As shown in Figures 1 and 2, the ventilator 100 comprises an air outlet member 1, a first louver 10 and a second louver 20. The air outlet member 1 functions as a cylindrical flow path member and constitutes the housing of the ventilator 100. The air outlet member 1 is made of a resin material (e.g., ABS resin) and has a flow path. The flow path is formed inside the air outlet member 1, and air from the air conditioning device flows through the flow path. As shown in Figure 2, the air outlet member 1 comprises side walls 1a, 1b, an upper wall 1c and a lower wall 1d that define the flow path. The flow path is formed in a rectangular shape that is long in the horizontal direction (left and right direction in Figure 1), and communicates with the vehicle interior via the air outlet 1e. The air outlet 1e blows air into the vehicle interior.
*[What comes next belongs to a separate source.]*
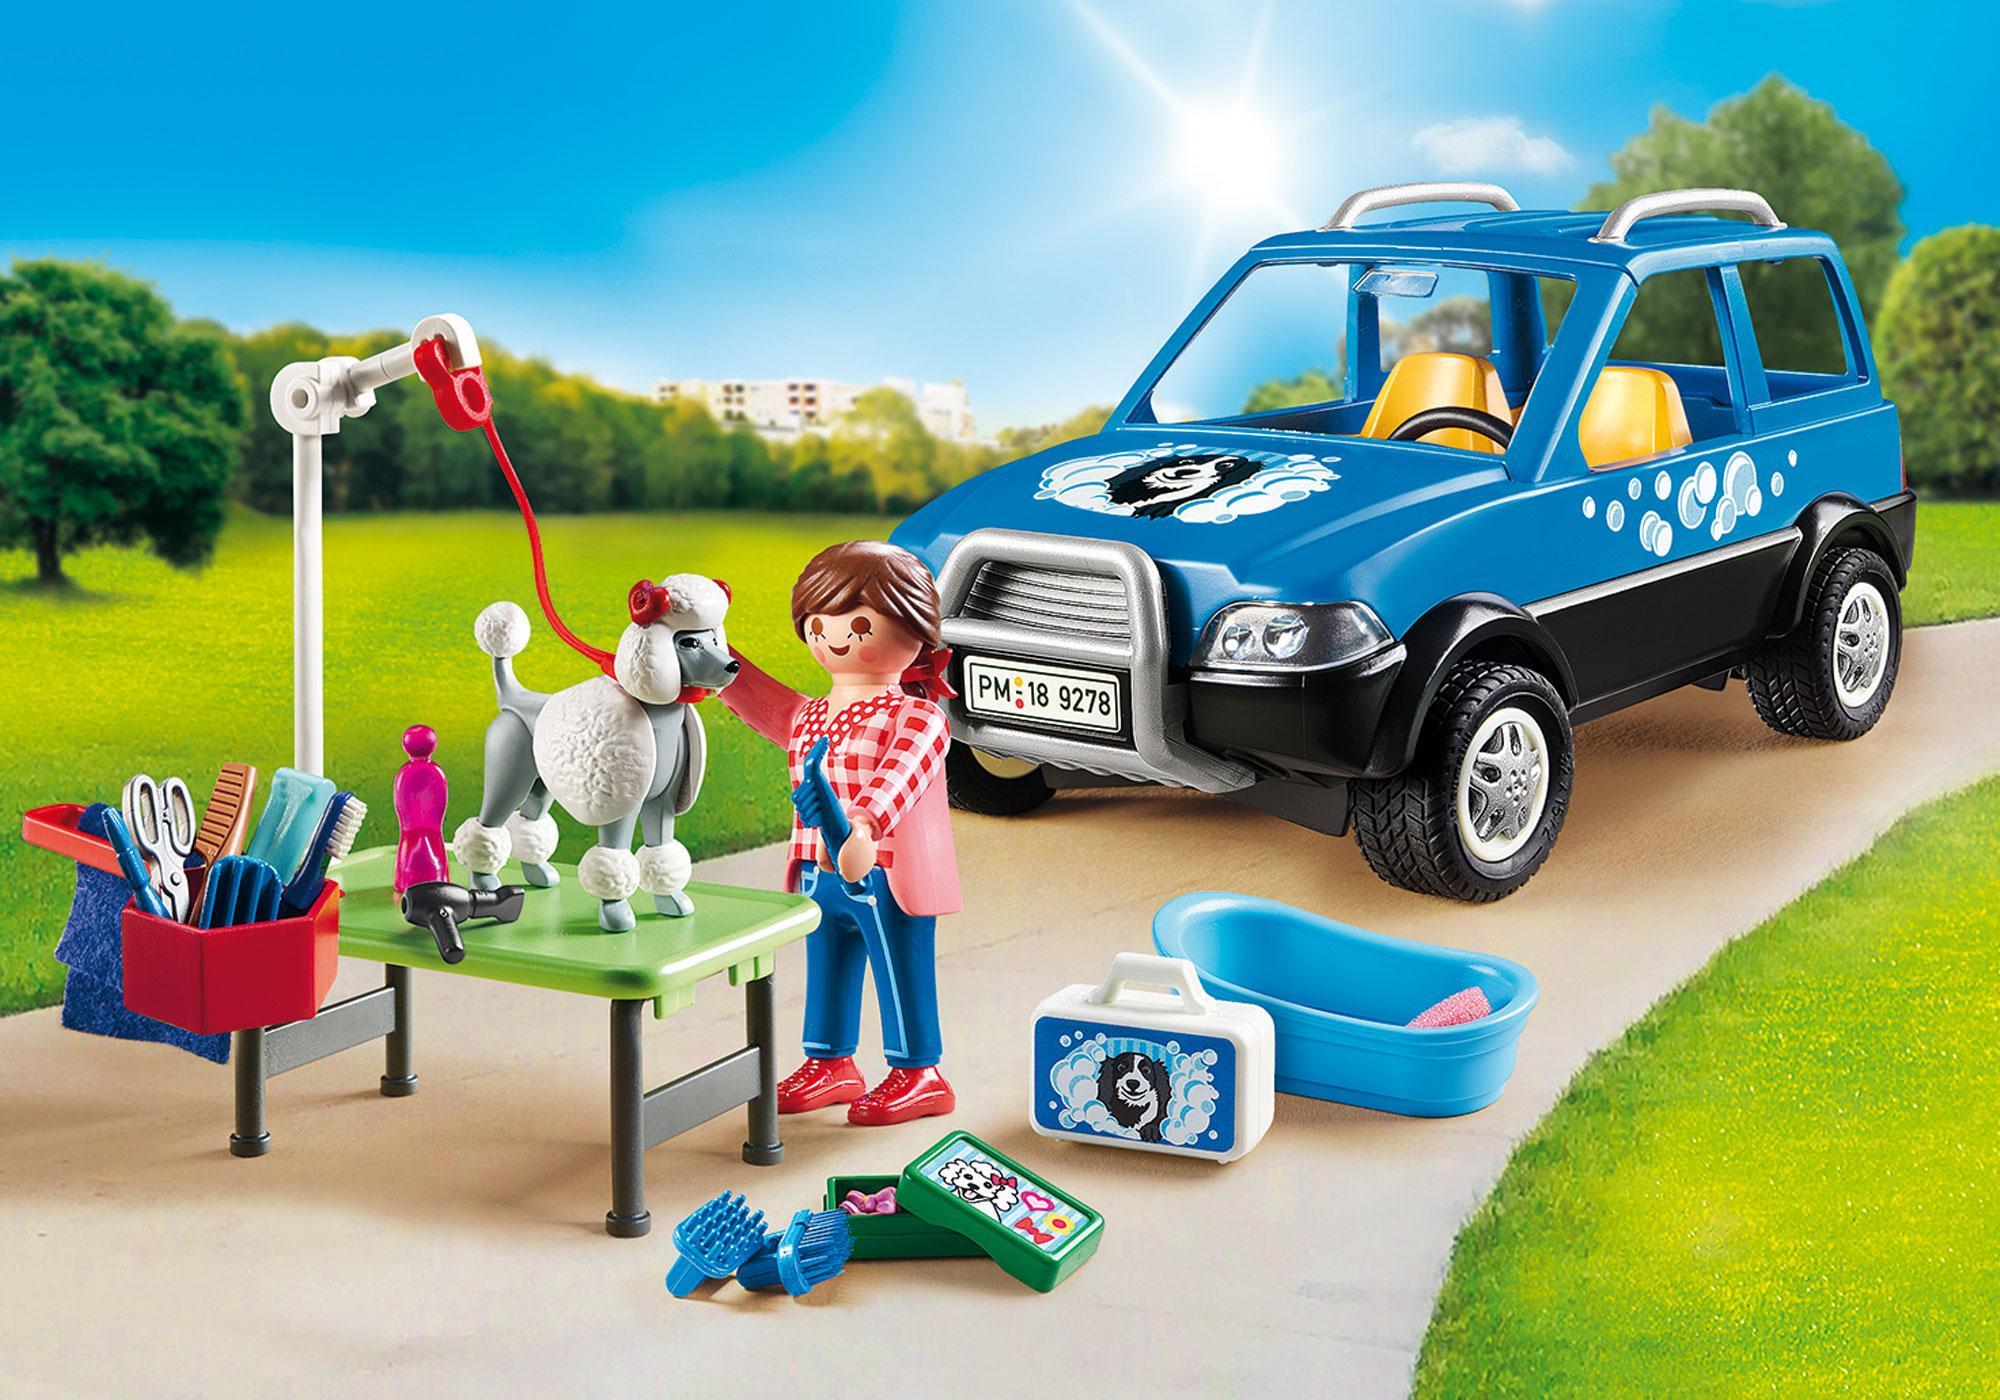 http://media.playmobil.com/i/playmobil/9278_product_detail/Κινητή μονάδα κτηνιατρικής φροντίδας

The first louvers 10 and the second louvers 20 are both provided in the air outlet member 1 and are interposed in the flow path formed by the air outlet member 1. The first louvers 10 include a plurality of first fins 11 and a first link member 12, and the second louvers 20 include a plurality of second fins 21 and a second link member 22. In this embodiment, as an example, the plurality of first fins 11 are composed of three first fins 11, and the plurality of second fins 21 are composed of five second fins 21. Each of the first fins 11 and each of the second fins 21 are both composed of a plate-shaped member using a resin material (e.g., PBT resin).
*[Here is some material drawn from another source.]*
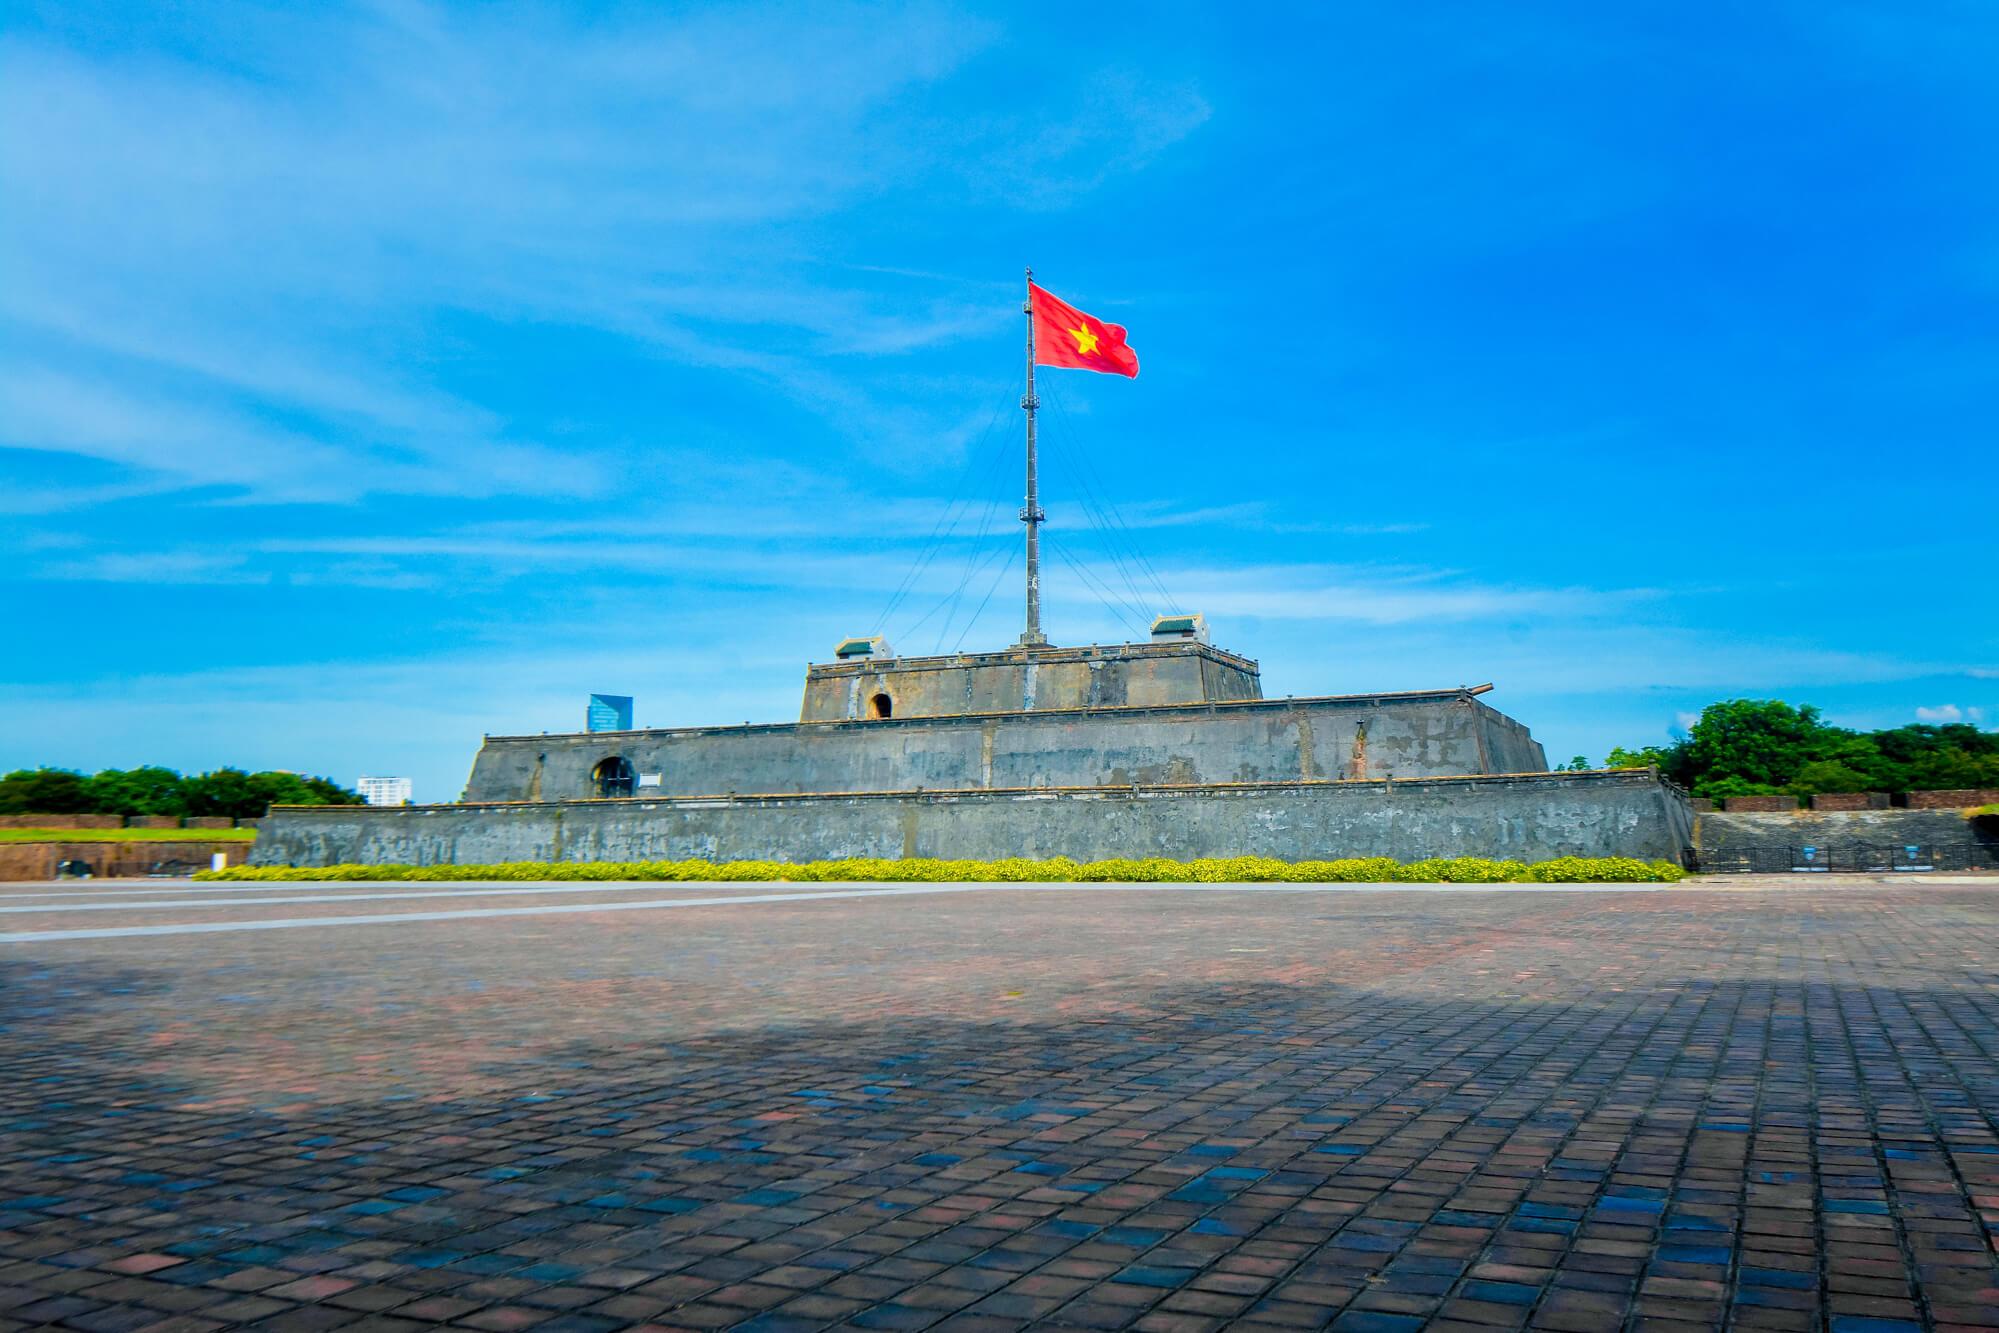 Hue Citadel - Square

In the basic position (basic rotation position) shown in Figures 1 and 2, each first fin 11 has a horizontally elongated shape that is longer in the horizontal direction than the extension direction of the flow channel. In the basic position, each second fin 21 has a vertically elongated shape that is longer in the vertical direction (up and down direction in Figures 1 and 2) than the extension direction of the flow channel. The basic position of each first fin 11 is a rotation position in which each first fin 11 is parallel to the extension direction of the flow channel. The same is true for each second fin 21.

Each first fin 11 has a first end 11a and a second end 11b. Each first fin 11 has a cylindrical rotation axis A1 at each of the first end 11a and the second end 11b, and the side walls 1a and 1b of the air outlet member 1 have axial holes H1 corresponding to the rotation axis A1 of each first fin 11. The rotation axis A1 of each first fin 11 is inserted into the corresponding axial hole H1. As a result, each first fin 11 is rotatably supported by the side walls 1a and 1b. The first end 11a and the second end 11b constitute the axial ends of each first fin 11 in the axial direction of the rotation axis A1.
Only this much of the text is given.